Sebab, Wisma Menumbing sempat disewakan pada pihak swasta pada 1996 untuk dijadikan tempat penginapan sehingga sudah terjadi beberapa kali renovasi. Ada pun kamar yang terdiri dari dua ruangan dengan dua tempat tidur dan sebuah ruang kecil yang diduga kamar mandi kini hanya rekayasa.
Entah itu memang kamar Hatta atau hanya upaya sang pengusaha tempat penginapan menyulapnya seolah nyata untuk menjadi daya tarik wisata, tidak bisa dipastikan.
Satu hal yang bisa kita saksikan adalah badan mobil yang biasa digunakan Hatta dengan pelat nomor BN10 masih terpajang di dalam ruangan. Selanjutnya adalah potret-potret para pemimpin bangsa ini termasuk surat Sukarno untuk istrinya, Fatmawati.

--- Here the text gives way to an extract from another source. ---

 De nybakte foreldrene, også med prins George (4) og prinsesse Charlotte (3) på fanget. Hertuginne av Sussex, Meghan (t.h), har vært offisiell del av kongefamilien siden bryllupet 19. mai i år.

Di Wisma Menumbing ini, pengunjung juga bisa naik ke atas atap yang berbentuk kastil dan melihat pemandangan dari puncak Menumbing.
Saat diasingkan di Bangka, Sukarno bersama Agus Salim dan Sutan Syahrir ditempatkan di Wisma Ranggam atau Pesanggrahan Muntok. Di sana tak ada barang-barang peninggalan Sukarno kecuali potret-potretnya. Namun, pengunjung bisa melihat kamar yang ditempati oleh Sukarno kala itu.

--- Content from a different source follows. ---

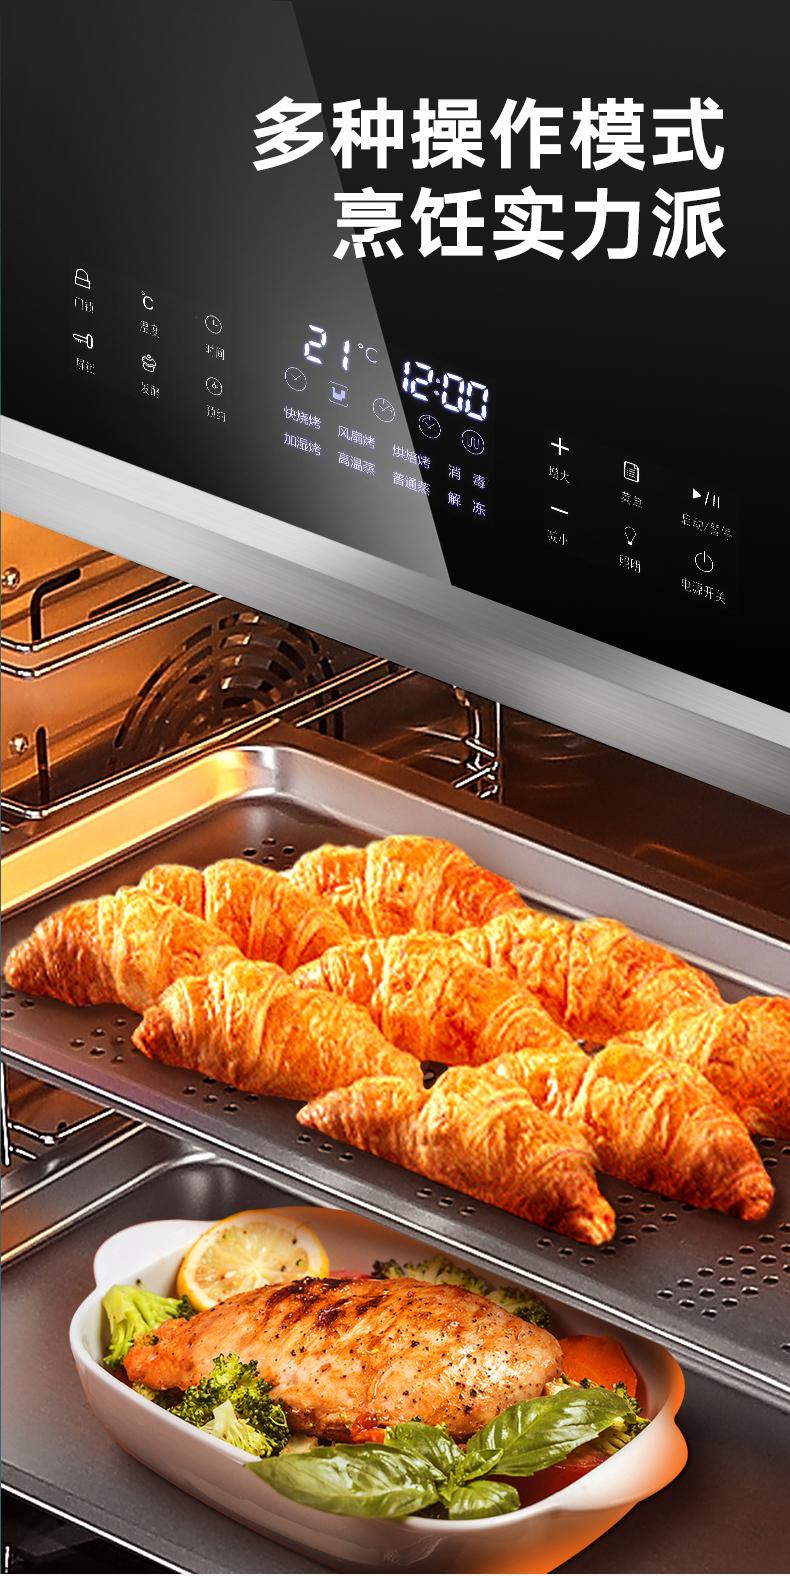 好太太H805蒸烤一体集成灶多种操作模式

"Bung Karno tidurnya di sini dan dia suka sekali berdiskusi dengan Agus Salim di ruangan ini," ujar penjaga Wisma Ranggam.
Di halaman Wisma Ranggam kemudian dibangun Tugu Proklamasi oleh Hatta untuk memperingati Bangka sebagai bagian dari sejarah Indonesia. Masyarakat Bangka disebutkan sangat menyambut Sukarno, Hatta, dan para pemimpin lainnya yang diasingkan.
Hingga kini, setiap tahun masyarakat setempat mengadakan napak tilas perjalanan Sukarno di Bangka hingga ke Tanjung Kalian.
Jika dulu para pemimpin dipenjara kemudian berjuang menjadi pejabat dan dikenang sebagai pahlawan, kini tidak sedikit yang justru berawal dari pejabat, menjadi penjahat, dan berakhir di penjara. Para koruptor misalnya.